Reinsurer Swiss Re’s contingent capital bond issuance came to market last month and succeeded in securing the Swiss based reinsurer a $750m source of capital protection linked to its solvency from investors. The transaction received a lot of attention in the press as it came to market and was reported to have been oversubscribed as investors sought another way to acquire yield in these difficult financial markets.
A contingent capital bond allows the issuer to attract investors to provide it with a source of capital which is ‘contingent’ on some pre-defined criteria being met. In the case of this transaction Swiss Re would benefit from the capital if the notes it sold were triggered by a drop in the reinsurers solvency ratio.

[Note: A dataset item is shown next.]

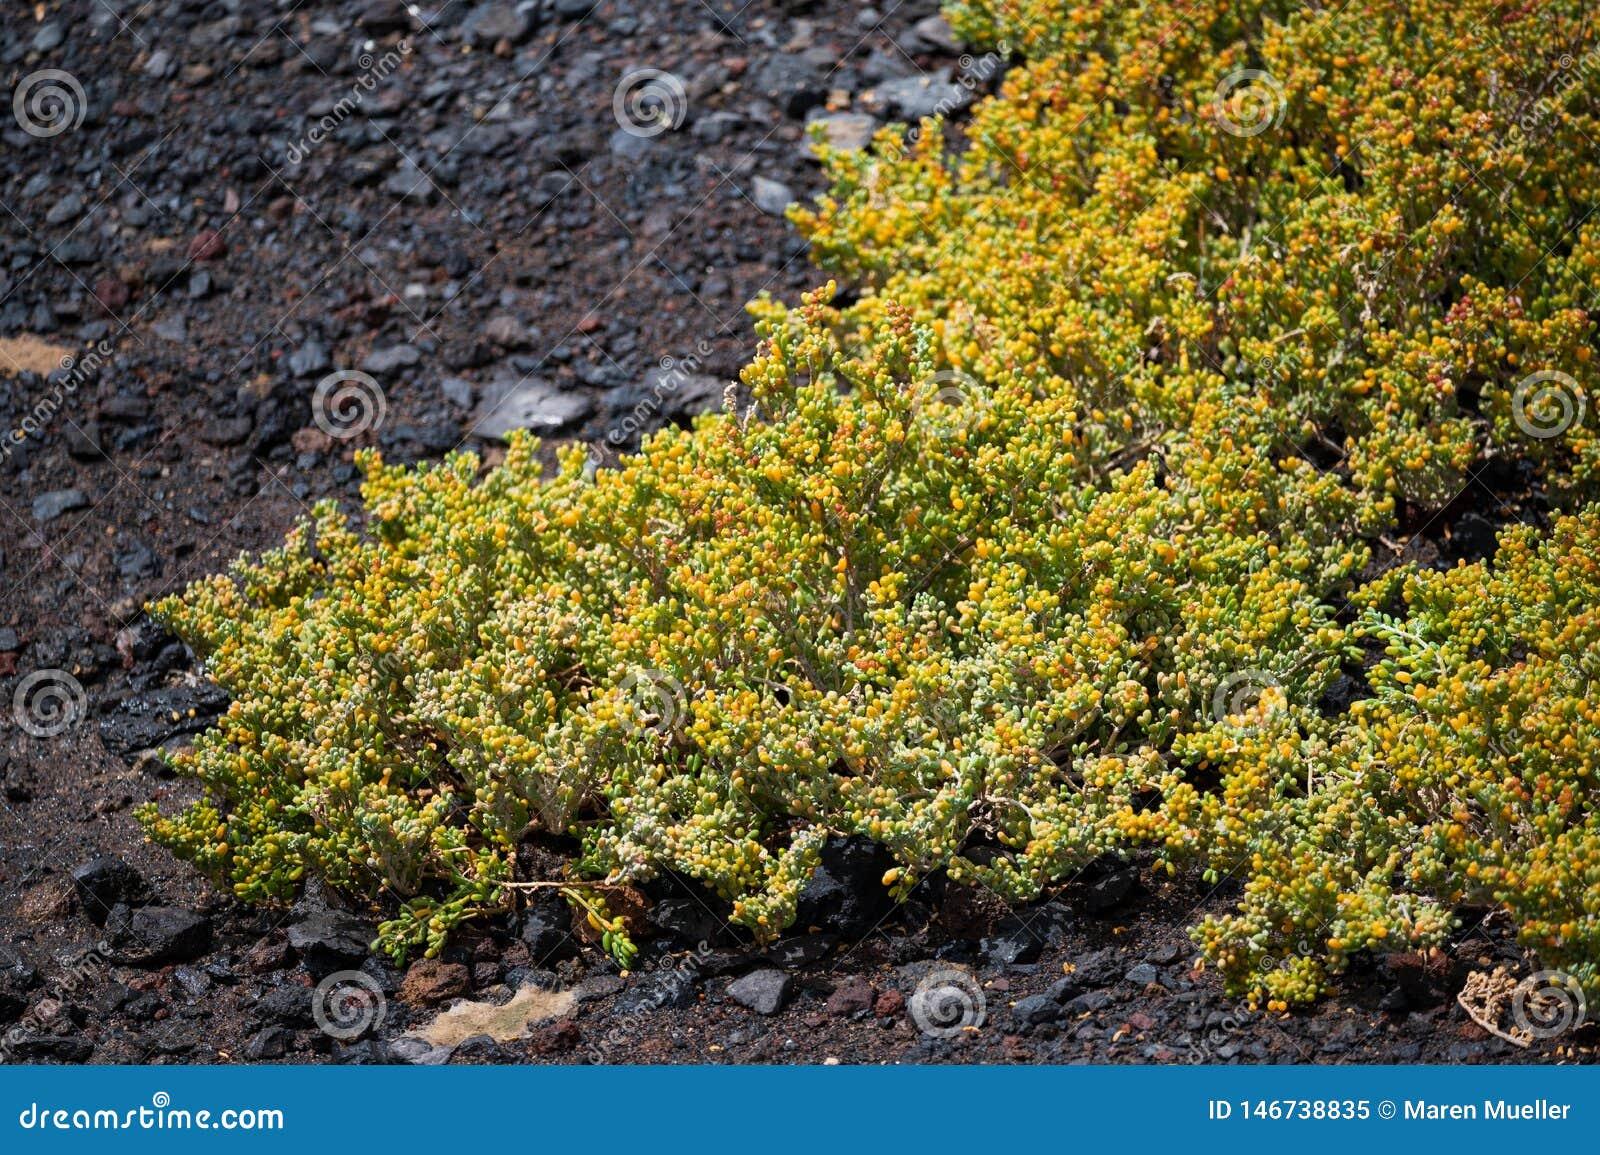 El nombre científico de esta planta es

In this way contingent capital is similar to a catastrophe bond, it provides capital when a triggering event occurs. Except of course a contingent capital bond is not insurance or reinsurance and so is accounted for differently. It provides another tool which insurers and reinsurers can use to secure themselves an additional source of capital, of course depending on the acceptance of investors in the capital markets.
In Swiss Re’s case investors were very accepting and snapped up $750m of contingent notes in this deal. Ratings agency Fitch has now rated the notes, which it is calling contingent write-off notes as the notes are written off and payout in full on a trigger event occurring, and has given them a rating of ‘BBB+’.
The rating announcement gives us a little more detail on the contingent bond issuance which was not available before. The notes are first callable in 2019, up to which point they pay investors a fixed annual coupon of 6.375%. The interest rate would then reset to the five-year mid-swap rate plus 5.21%. According to Fitch the notes are subordinated to senior creditors and there is an optional interest deferral facility depending on certain conditions with any deferred interest being cumulative.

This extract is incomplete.